Aynı soruşturma kapsamında gözaltına alınan, soruşturma konusu olayların yaşandığı yıllarda savcı C.Ç’nin katibi olarak görev yapan, Bakırköy Adliyesi İcra Müdürü K.Y. ise etkin pişmanlık ve ikrar yönündeki ifadesi kapsamında serbest bırakıldı. 

Nöbetçi sulh ceza hakimliği, Epözdemir’in “rüşvete aracılık etmek” suçundan tutuklanmasına karar verdi.

“TERÖR” VE “CASUSULUK”TAN ADLİ KONTROL TALEBİ

Başsavcılık, “FETÖ/PDY silahlı terör örgütüne yardım etme” ile “siyasal ve askeri casusluk” soruşturması kapsamında da sorgusu tamamlanan avukat Epözdemir’i hakimliğe sevk etti.

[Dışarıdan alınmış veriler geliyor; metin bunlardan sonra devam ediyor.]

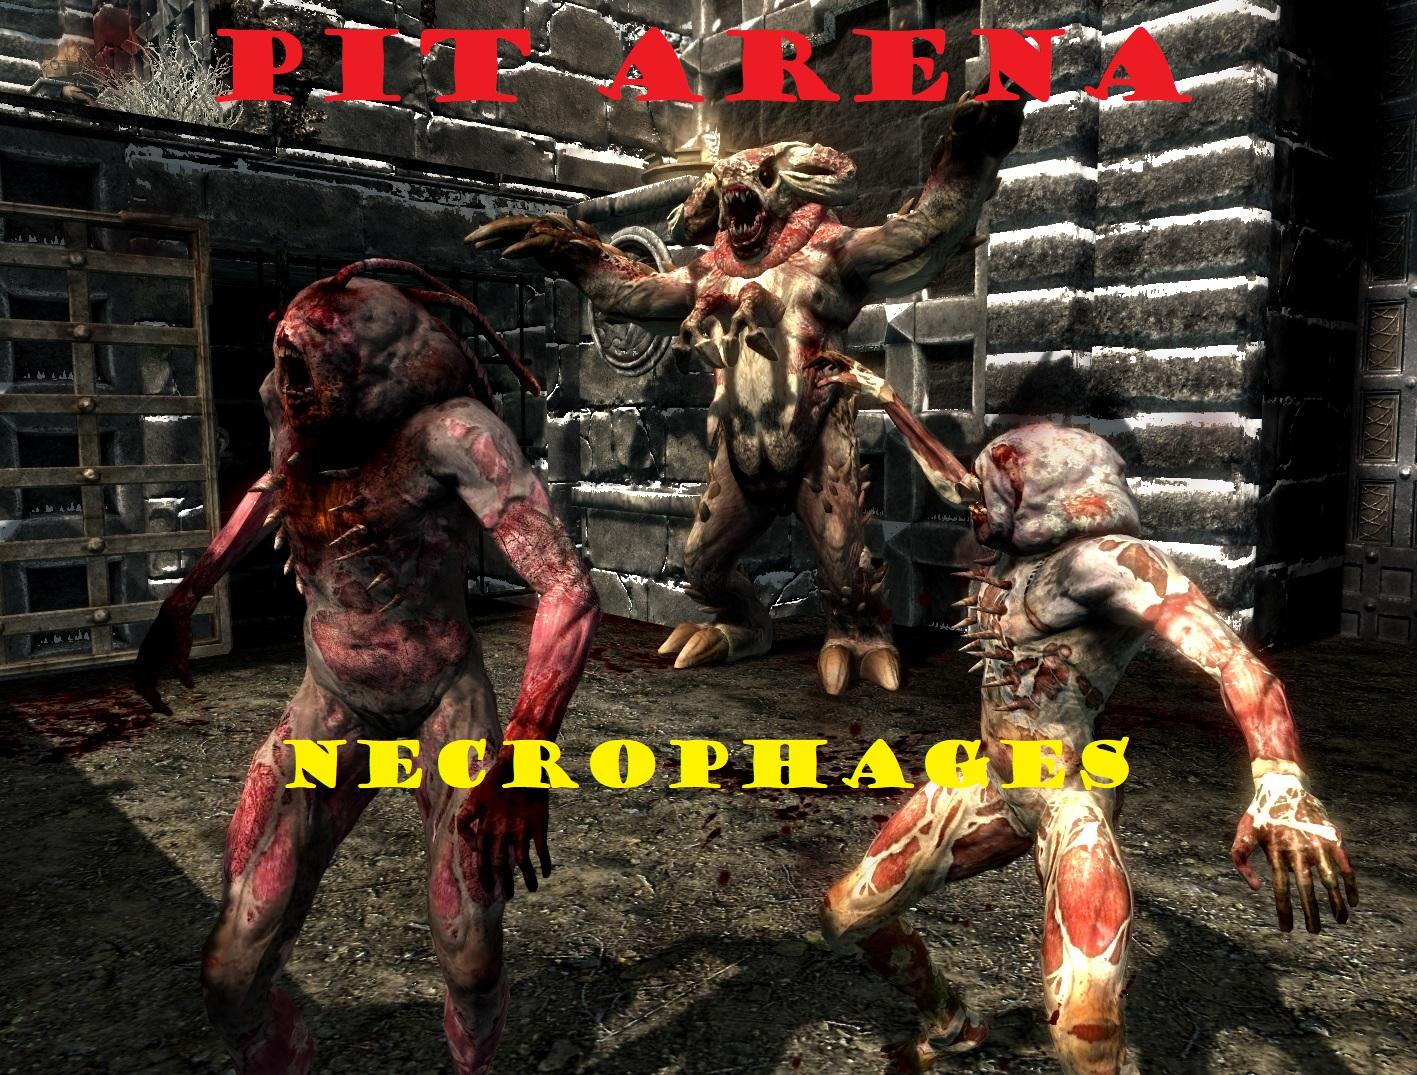 Pit arena necro 2

Epözdemir için “devletin gizli kalması gereken bilgilerini siyasal veya askeri casusluk amacıyla temin etme” ile “FETÖ/PDY silahlı terör örgütüne yardım etme” suçlarından hakkında “yurt dışına çıkış yasağı”nı içeren adli kontrol tedbiri uygulanması talep edildi.

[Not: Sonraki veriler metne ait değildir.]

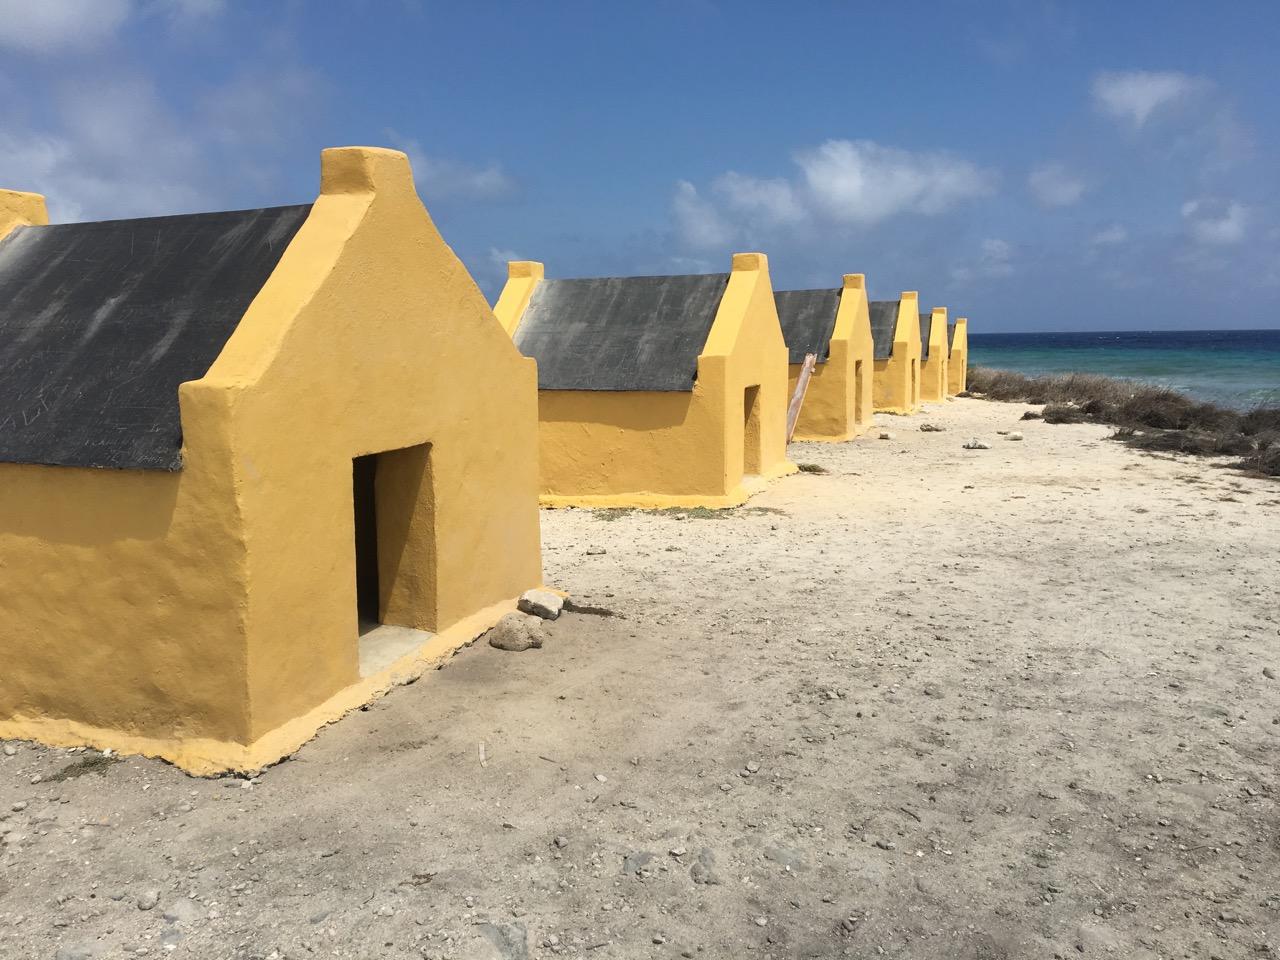 Slave Huts - Explore Bonaire's History

Nöbetçi sulh ceza hakimliği, başsavcılığın adli kontrol talebini ise reddetti. 

SAVCILIK İFADESİ ORTAYA ÇIKTI

Rezan Epözdemir’in “rüşvet” soruşturması kapsamında verdiği ifade de ortaya çıktı.

Epözdemir ifadesinde, “Dosya HSK’ya gönderilmeli ve kıymetli evrak olanlar tarafımıza iade edilmelidir. Özel hayata ilişkin dosya kapsamına giren evraklar ise imha edilmelidir. Soruşturma yetkisi olmayan İstanbul Cumhuriyet Başsavcılığının delil toplama yetkisi de bu sebeple yoktur. Bu sebeple İstanbul Cumhuriyet Başsavcılığı tarafından yapılan soruşturma işlemleri kapsamında elde edilen delillerin tamamı, ‘Zehirli ağacın meyvesi de zehirlidir’ ilkesi gereği hukuka aykırıdır. Delil olarak kullanılamaz” dedi.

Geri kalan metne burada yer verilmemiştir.